A junção das palavras “me” e “esquece” foi o suficiente para partir meu coração. Eu estava praticamente a ponto de desmoronar com toda aquela situação pavorosa. Aos poucos tive a sensação de que perdi Hoseok pedacinho por pedacinho, mas eu não quis acreditar que aquilo estava realmente acontecendo, principalmente pelo fato de não fazer sentido algum.
— Hoseok... como você quer que eu simplesmente te esqueça?
— Você consegue fazer isso rapidinho. — Sua voz agora estava mais seca que em qualquer outro momento, como se estivesse cuspindo sobre mim um total sentimento de desgosto.
Um mínimo de atenção me fora fornecido quando seu corpo ficara direcionado de frente para mim. Minhas mãos suaram frio, as pernas fracas pareceram que provavelmente não aguentariam meu peso por muito tempo e meus olhos tentaram olhá-lo nos olhos o máximo que conseguissem.
— Por que você está agindo assim?
— Você sabe muito bem o porquê.
— Na verdade, eu não sei.
Fui praticamente respondida com uma risada completamente cínica e um cruzar de braços.
— Onde está o seu anel?
Aquela frase me pegara completamente desprevenida. Eu não sabia como reagir, e quem saberia se ele acreditaria ou não que eu pudesse ter sido tão boba ao ponto de tirar o acessório de meu dedo e esquecê-lo nas mãos de outra pessoa. E por dias.

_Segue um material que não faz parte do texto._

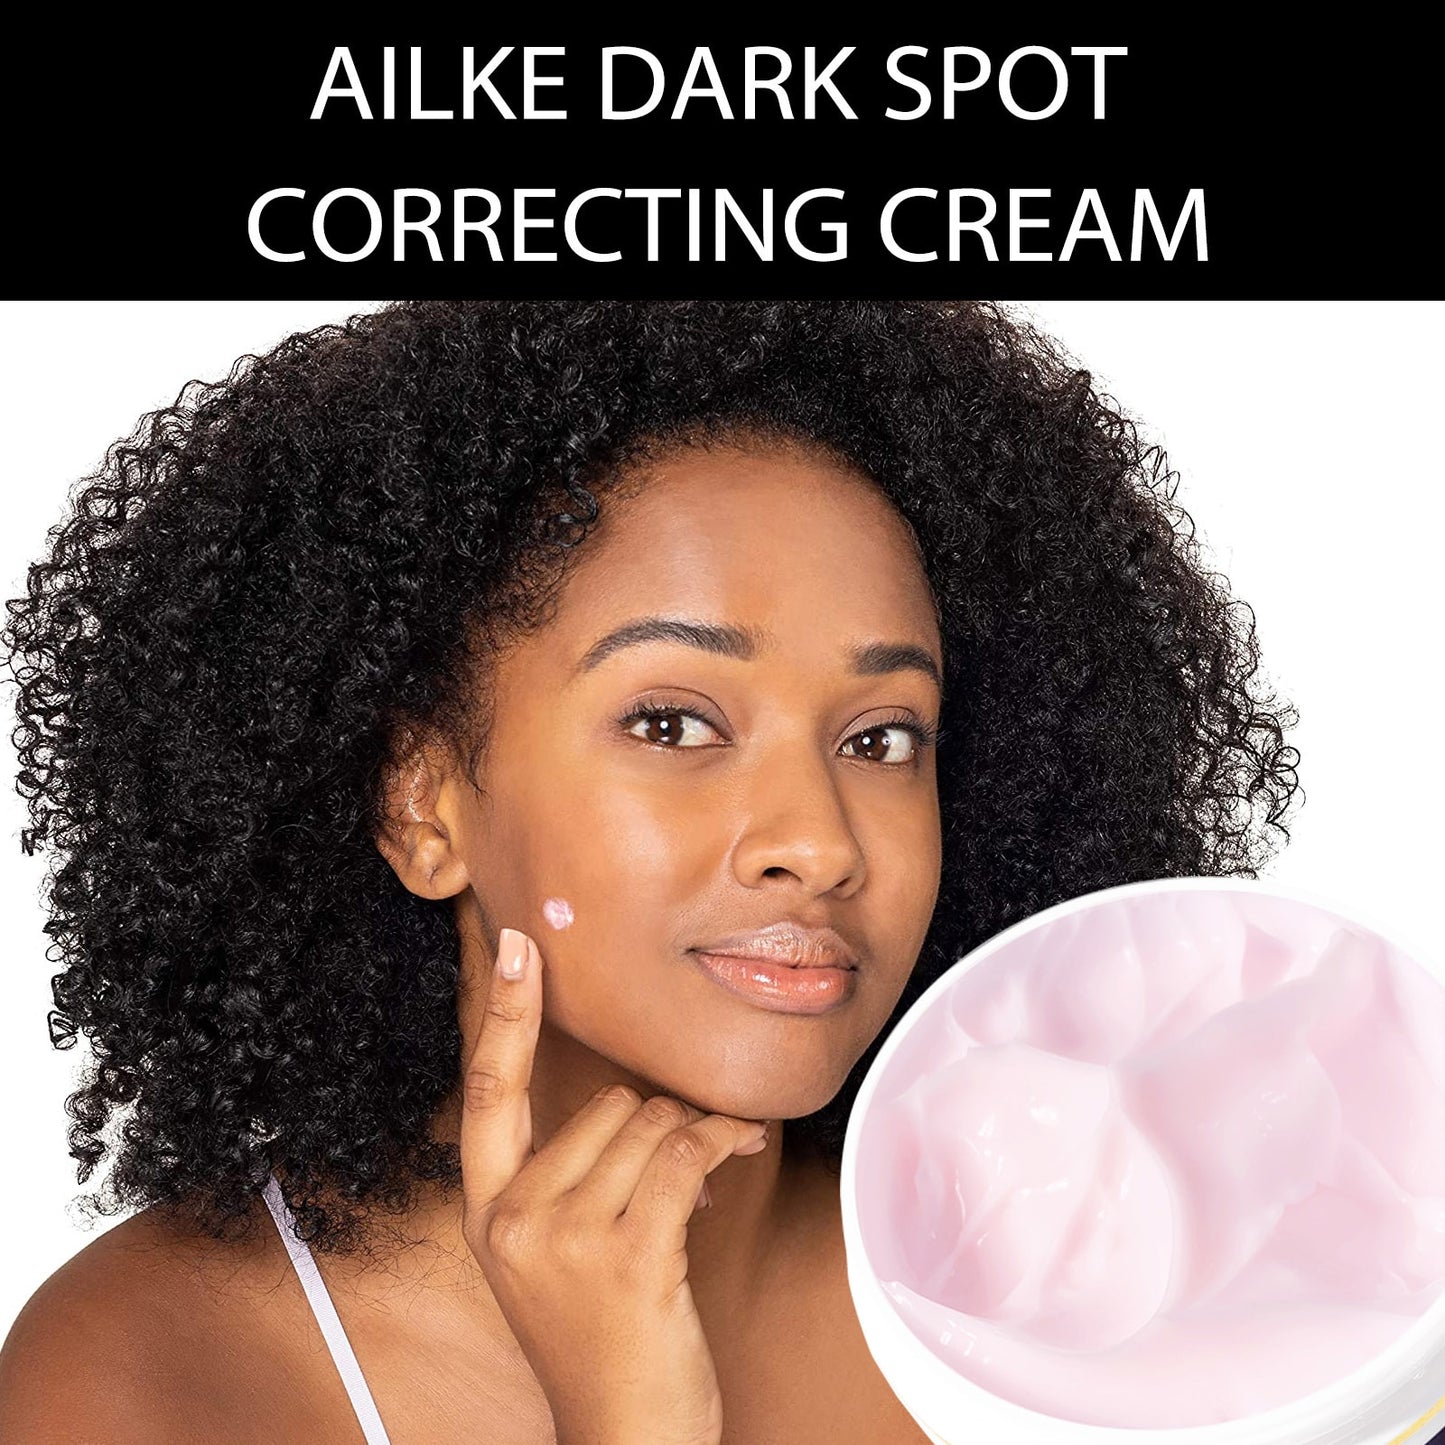 AILKE Glutathione 5-in-1 Women Skin Care Kit

— Eu... — Ao mesmo tempo em que abaixei minha cabeça, ergui minha mão para encarar a mão completamente vazia do brilho que o anel a dava. — Eu tirei para tomar banho e esqueci de colocar de volta.
Novamente o cômodo fora dominado pela risada do outro, o que fez com que meu estômago se revirasse e o nervosismo apenas aumentasse.

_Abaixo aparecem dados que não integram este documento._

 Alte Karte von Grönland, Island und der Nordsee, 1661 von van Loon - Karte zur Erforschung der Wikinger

— Inacreditável... — Um sussurro quase inaudível fora pronunciado por seus lábios e logo me vi mais nervosa do que antes. — Então é uma mera coincidência você ter tirado o anel para tomar banho no mesmo dia em que saiu com um amigo seu e nunca mais o ter colocado?
Meu coração definitivamente estava mais disparado do que qualquer outro momento em minha vida, isso pelo fato de ter percebido a besteira que havia feito: Eu havia mentido para Hoseok.
— Hoseok-ah... você precisa me escutar agora.
— Eu não tenho que te escutar, (S/n). Se você não quisesse compromisso, poderia ter me dito desde o início, e não simplesmente me machucando pelas costas.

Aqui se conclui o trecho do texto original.